== Dataset excerpt ==

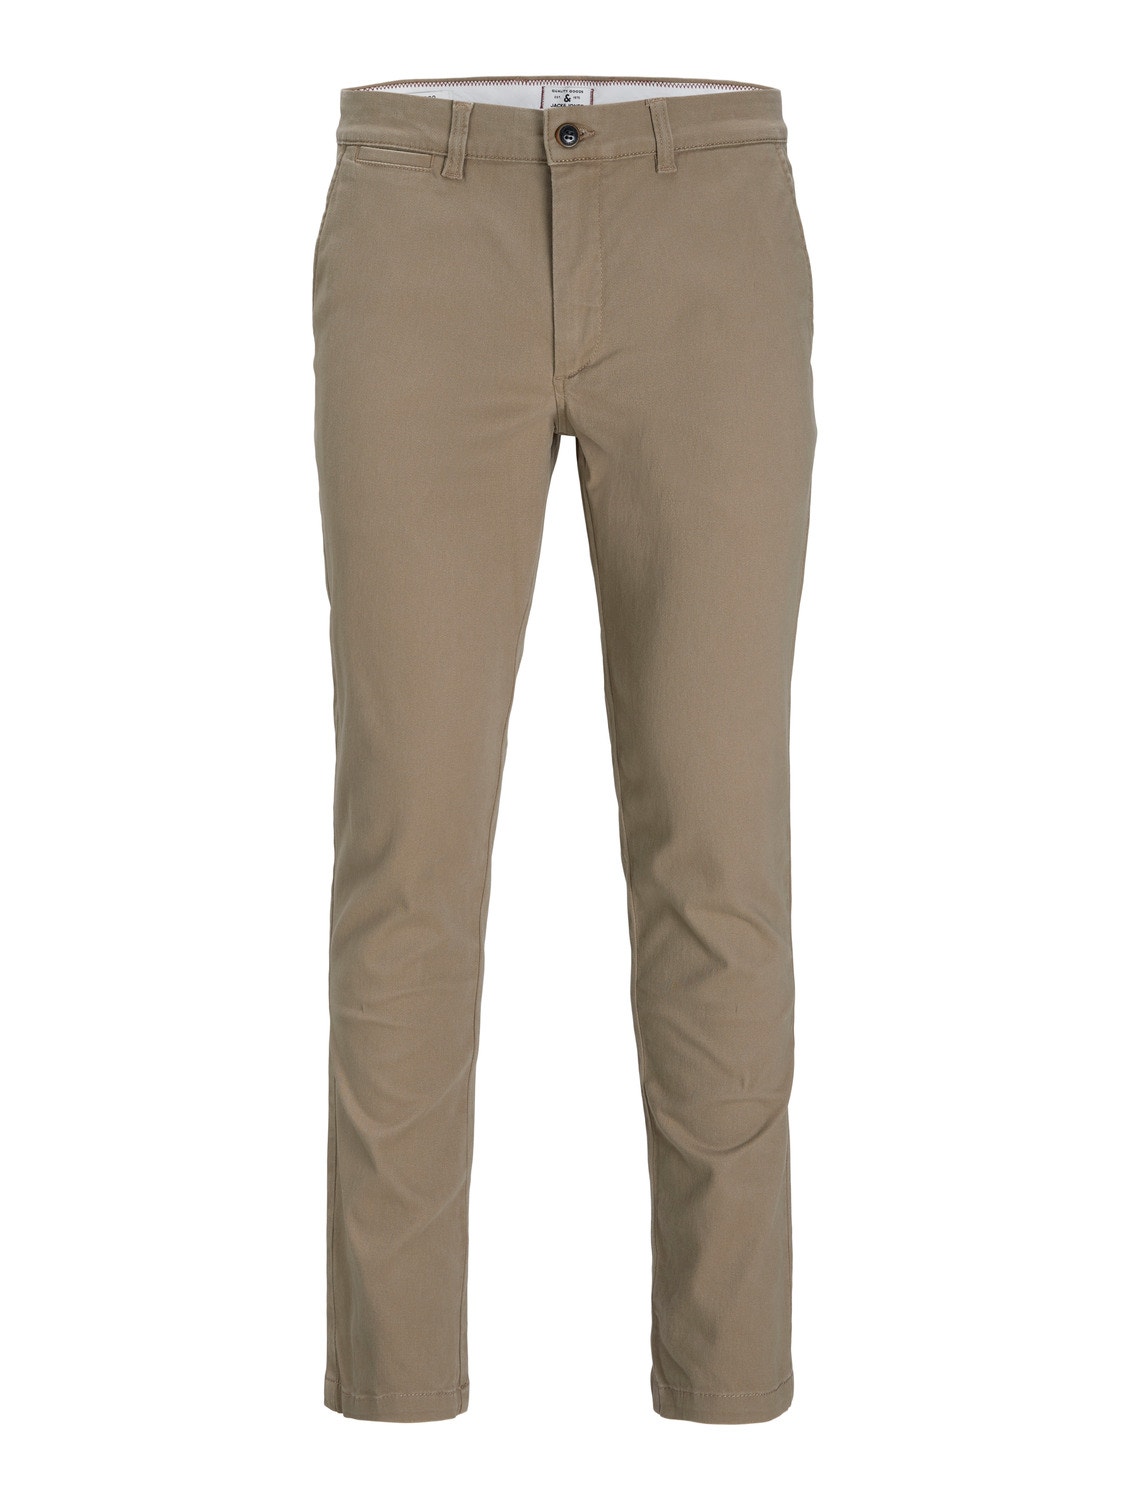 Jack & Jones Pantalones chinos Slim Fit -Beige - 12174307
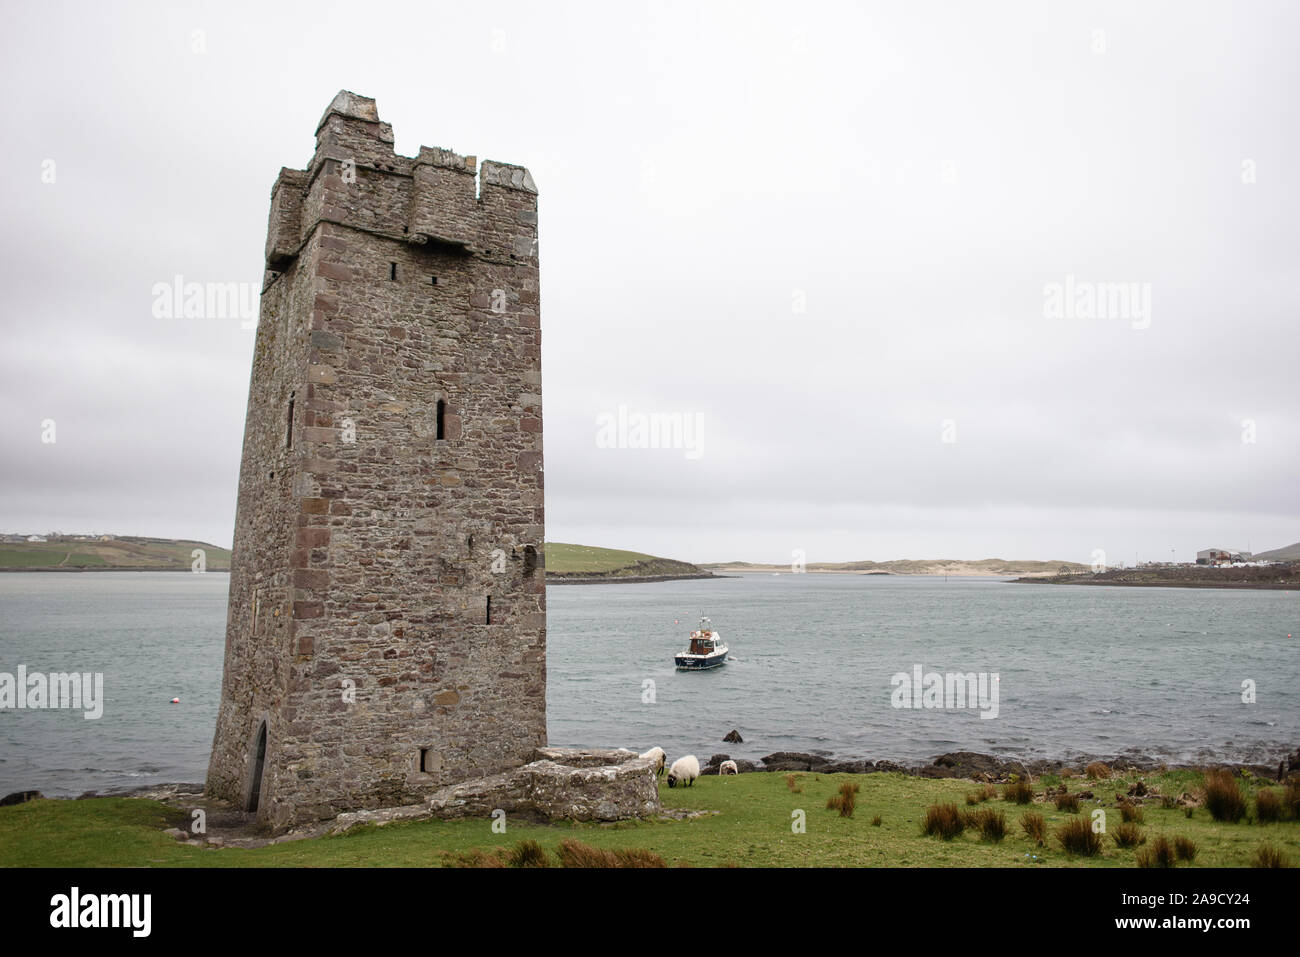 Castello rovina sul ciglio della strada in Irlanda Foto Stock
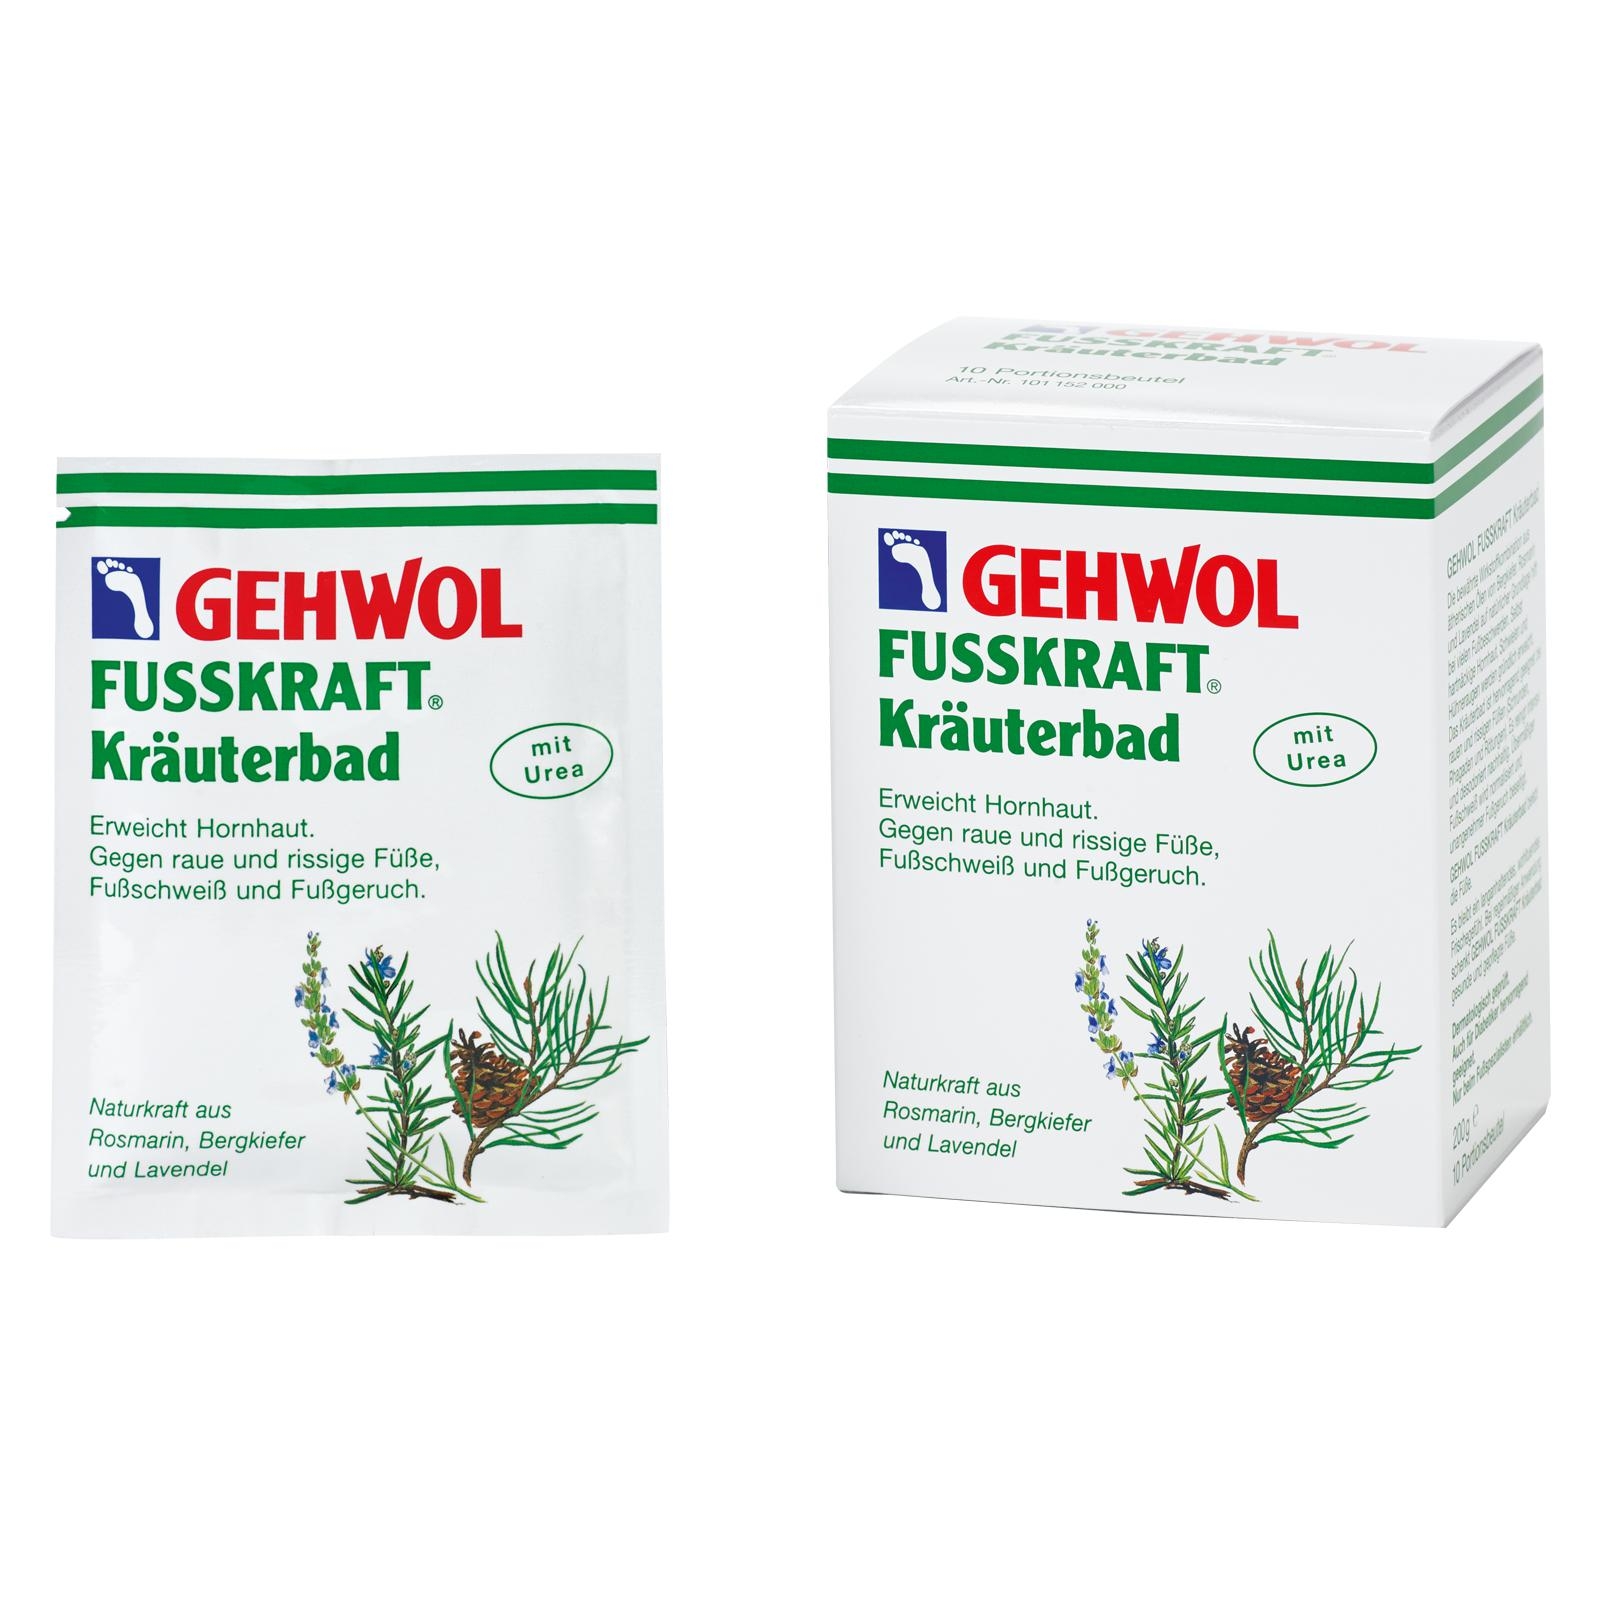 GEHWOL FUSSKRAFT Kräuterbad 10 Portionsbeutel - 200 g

===

Assignment |
When you copy the lines above, drop the pictures and keep everything else exact.

Response for this exercise |
 Jack & Jones Pantalones chinos Slim Fit -Beige - 12174307
 Castello rovina sul ciglio della strada in Irlanda Foto Stock
 GEHWOL FUSSKRAFT Kräuterbad 10 Portionsbeutel - 200 g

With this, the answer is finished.